И потом? Женщина подошла поближе, прищурилась, задержала дыхание, чуть ли не носом уткнулась в прекрасные его черепушки, чтобы изучить их поближе и отыскать на них изъяны. Адельмо от испуга пробрала дрожь.

– И потом, у этого рога нет, не видите, что ли? А второй проломлен. И они даже нормально не почищены. Они правда мерзкие, понимаете, Адельмо?

Адельмо Фарандола отдернул руки, обиженный, неуверенный. Поднес черепа поближе, чтобы тоже их разглядеть, долго обнюхивал. Так и есть, женщина права, первый с трещиной, у второго только один рог, и остались на костях кое-где сухожилия, пара кусочков почерневших мышц, комочки шерсти. Но их же почти не видно.

– Это, по-вашему, не видно, – женщина читала его мысли. – А вам все равно, что на бедных зверушек охотиться незаконно? Сколько раз повторять: нельзя это, вас оштрафуют, а то, чего похуже, судить будут. Ваш приятель лесник вам это постоянно твердит. Вы понимаете, что парень рискует, покрывая вас?

О чем она сейчас говорит? Эта долина его, собственность Фарандолы Адельмо, он ее купил; там, наверху, все его, от зверей до камней.

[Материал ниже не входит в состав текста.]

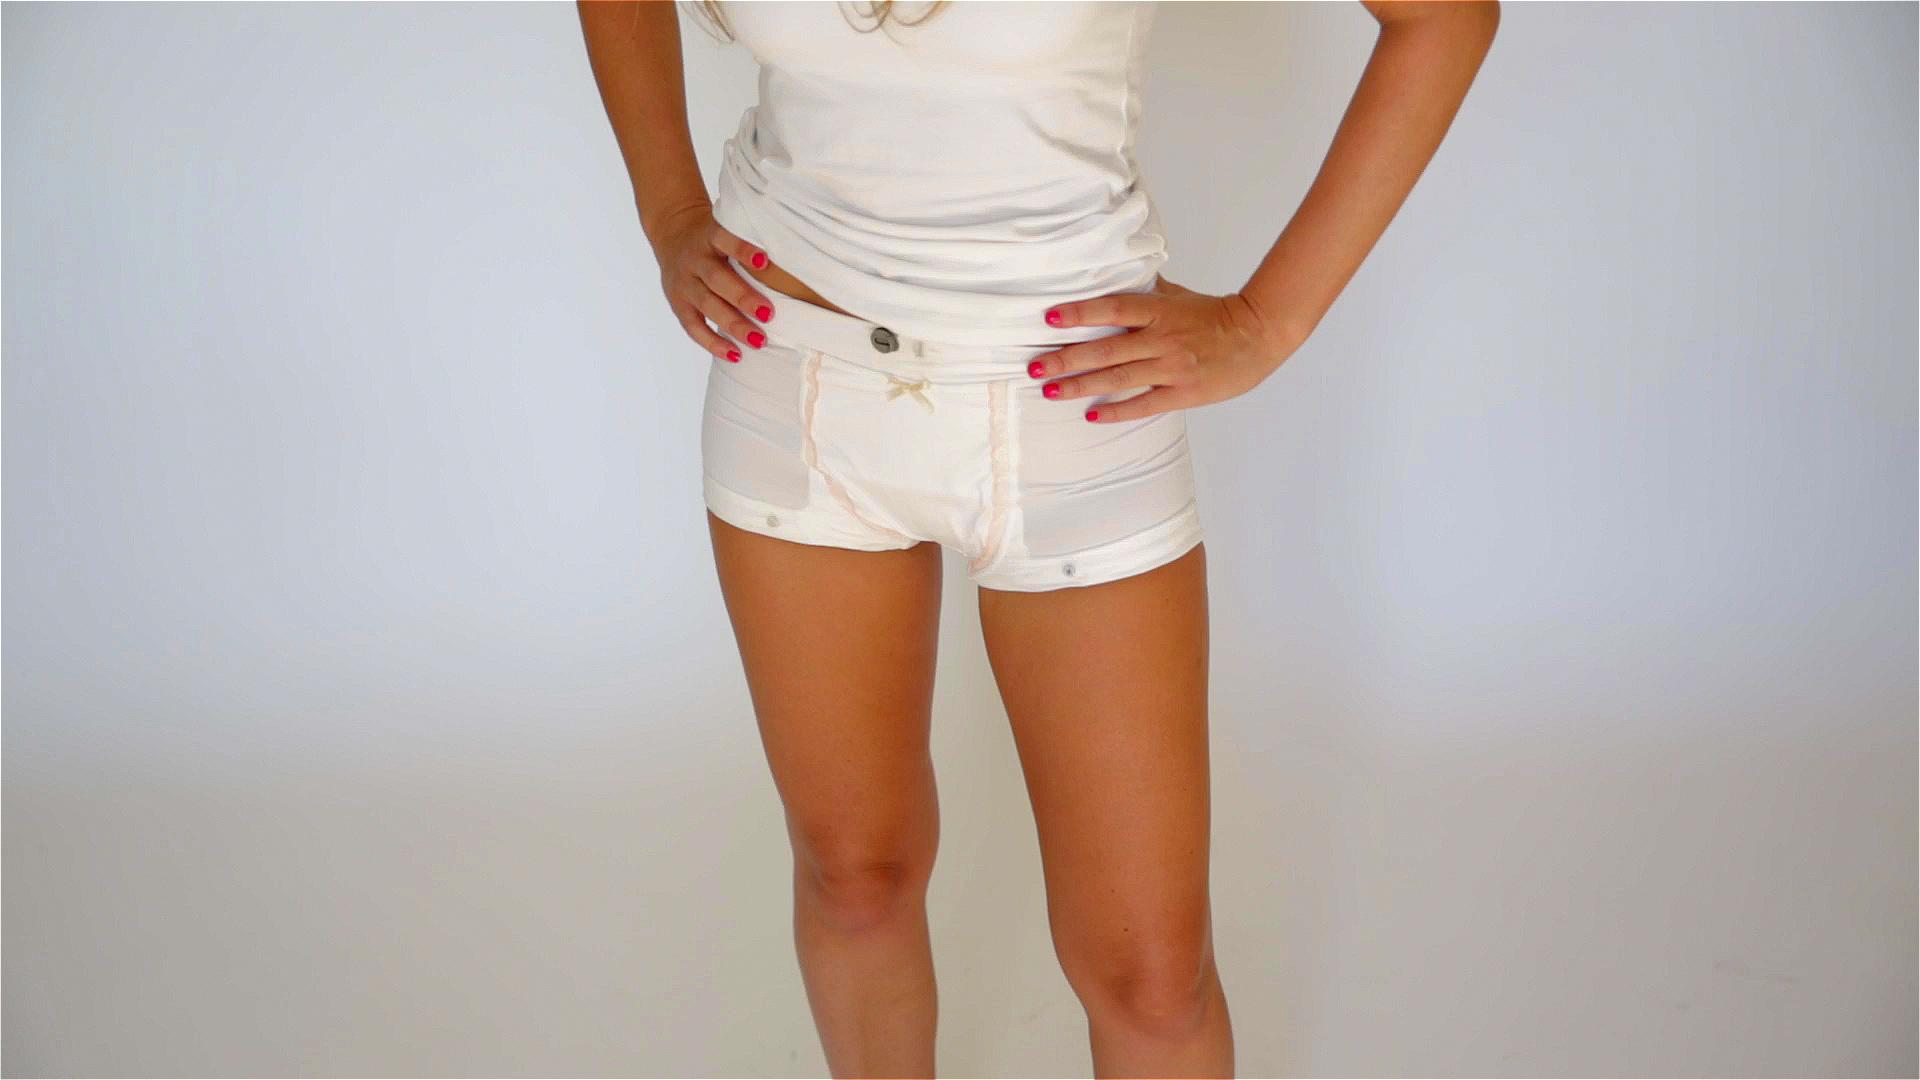 wearing chastity belt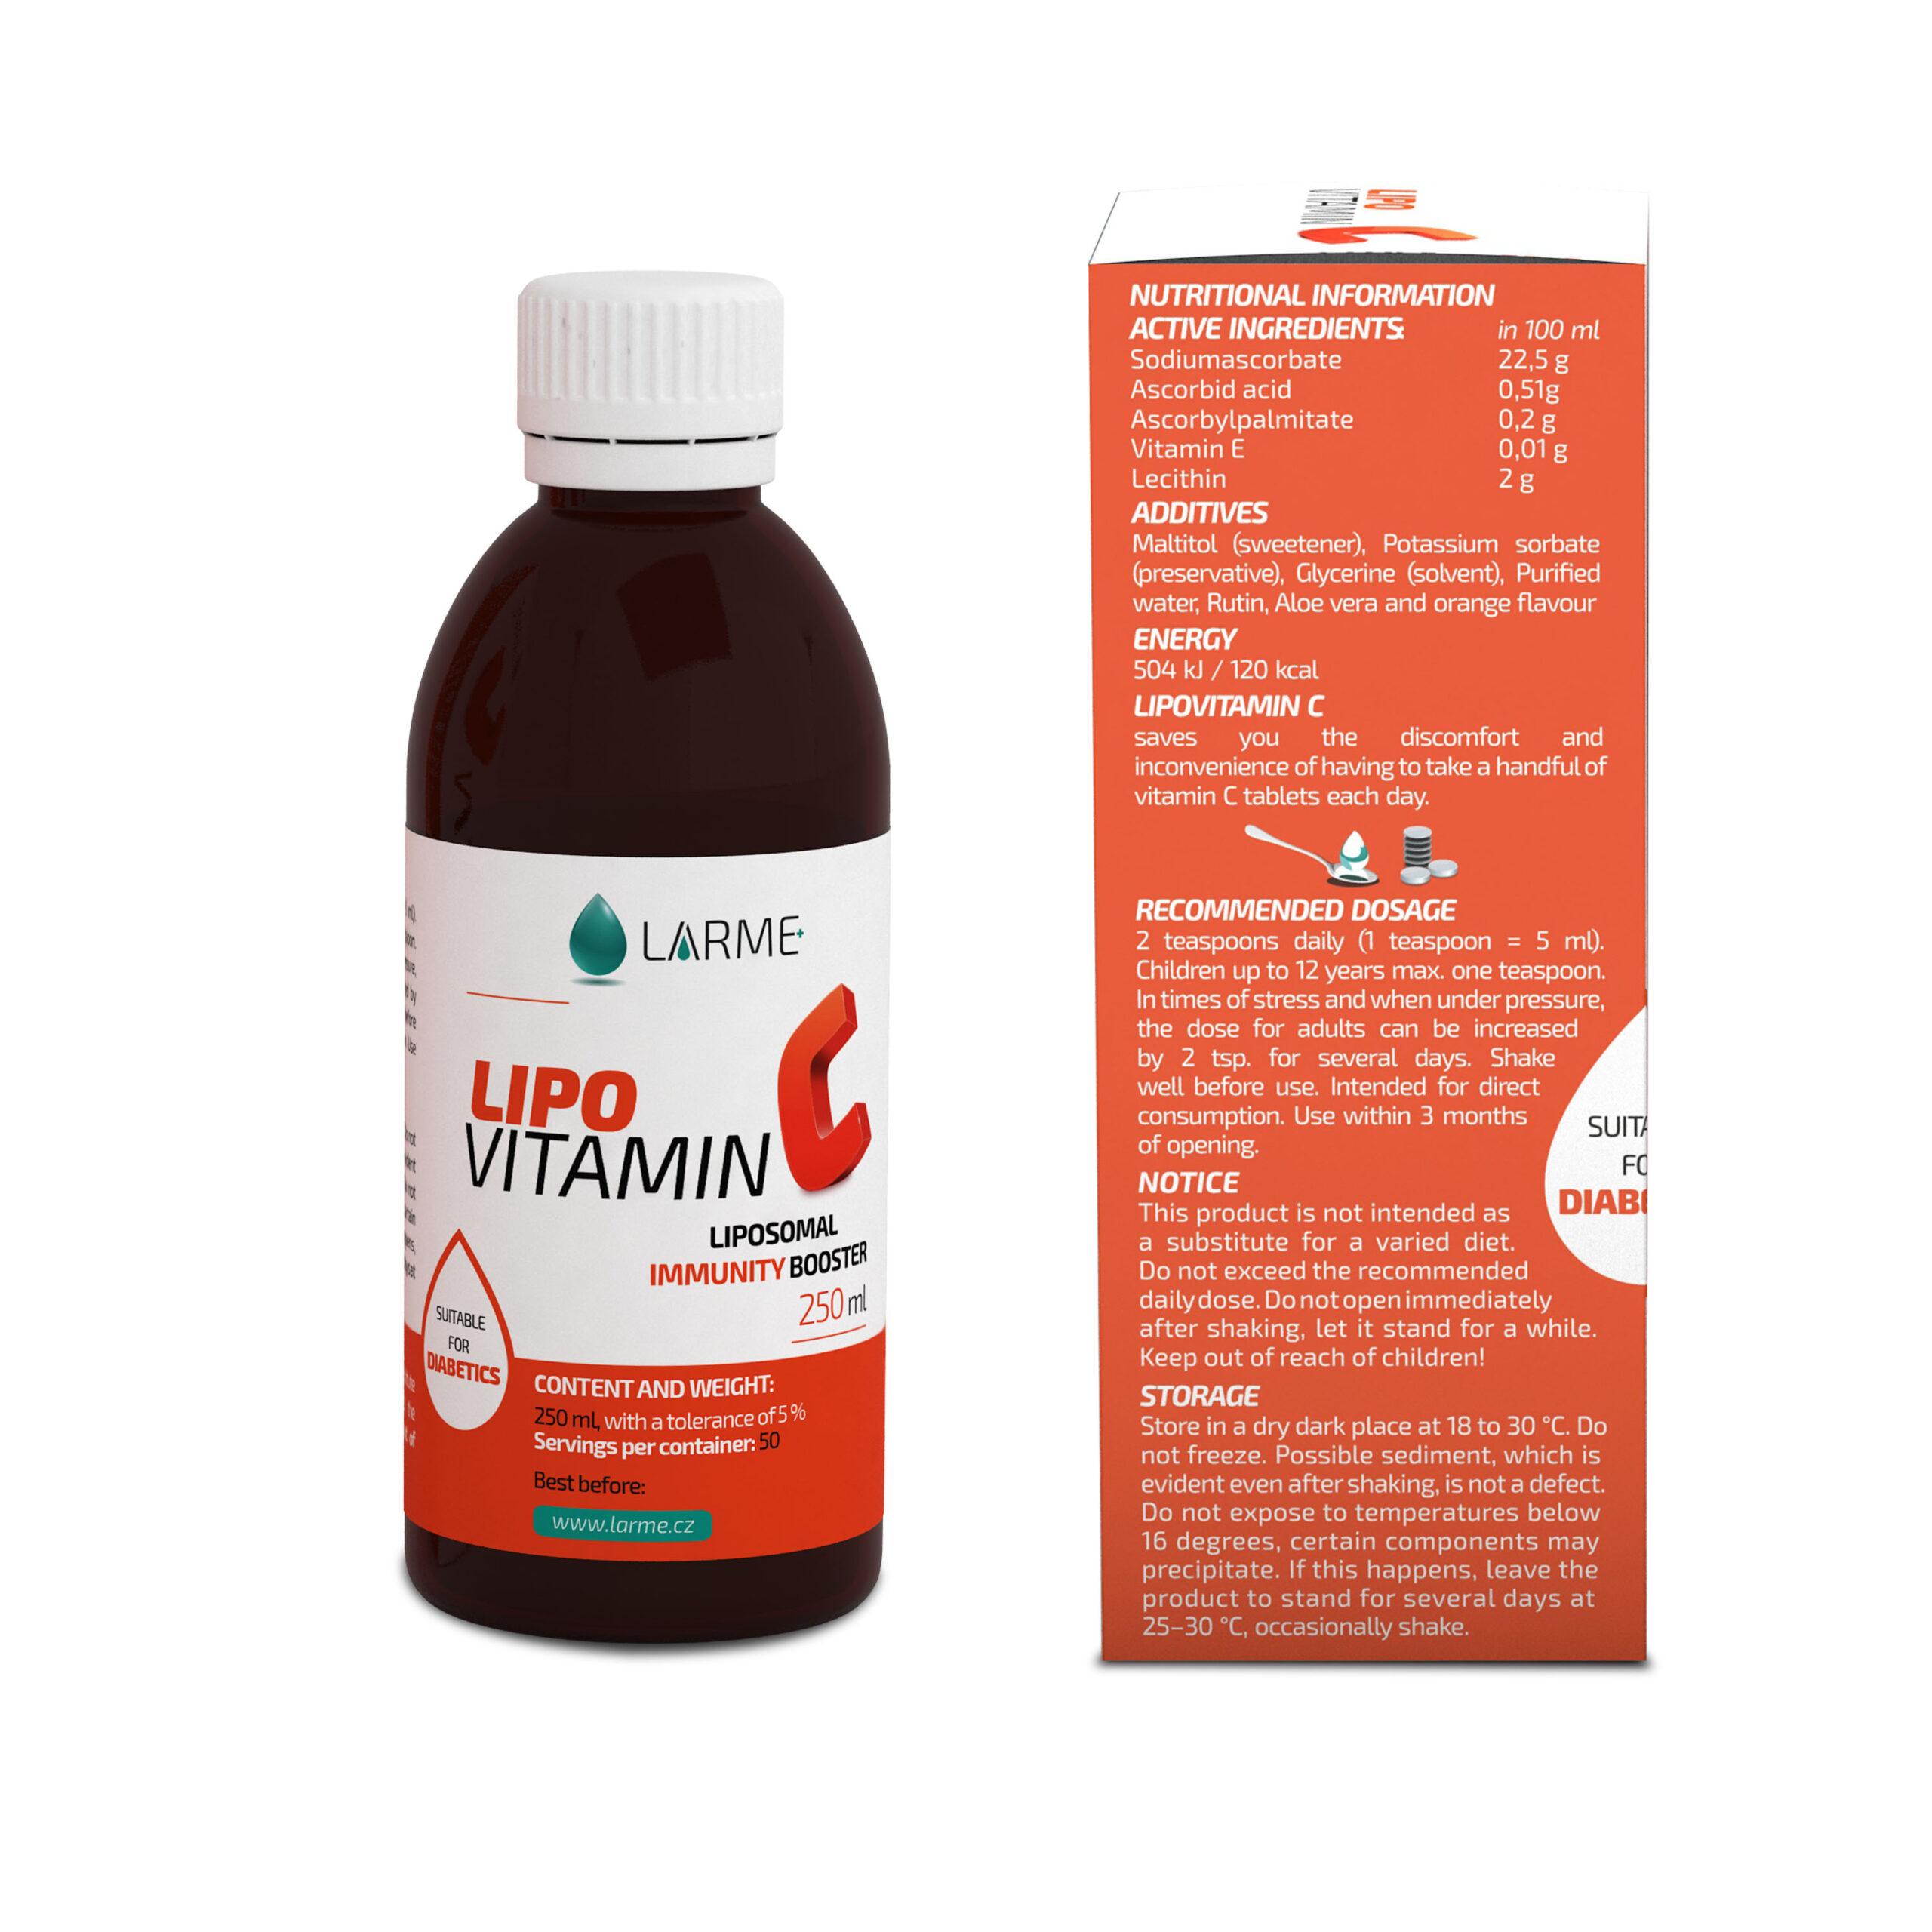 LIPOVITAMIN C®

Если он хочет охотиться на серн, то может это делать; вот придет на пастбище, возьмет ружье, просто чтобы показать, что к чему, и примется бить зверье, никого в живых не оставит, ни мыши, ни кузнечика! «Я буду бегать по долине от края до края с ружьем, – думал Адельмо Фарандола, – а когда патроны кончатся, возьму вилы, а когда вилы сломаются, буду ногтями, зубами, теми, что остались. А после зверья примусь за растения, все до последней жалкой травинки сорву и выдеру с корнем, и никого не останется, ни червя в дерьме, ни мха».

– Адельмо? Вы меня хоть слышите? – Хозяйка обращалась к нему. – Не отвлекайтесь, а то мне заново повторять.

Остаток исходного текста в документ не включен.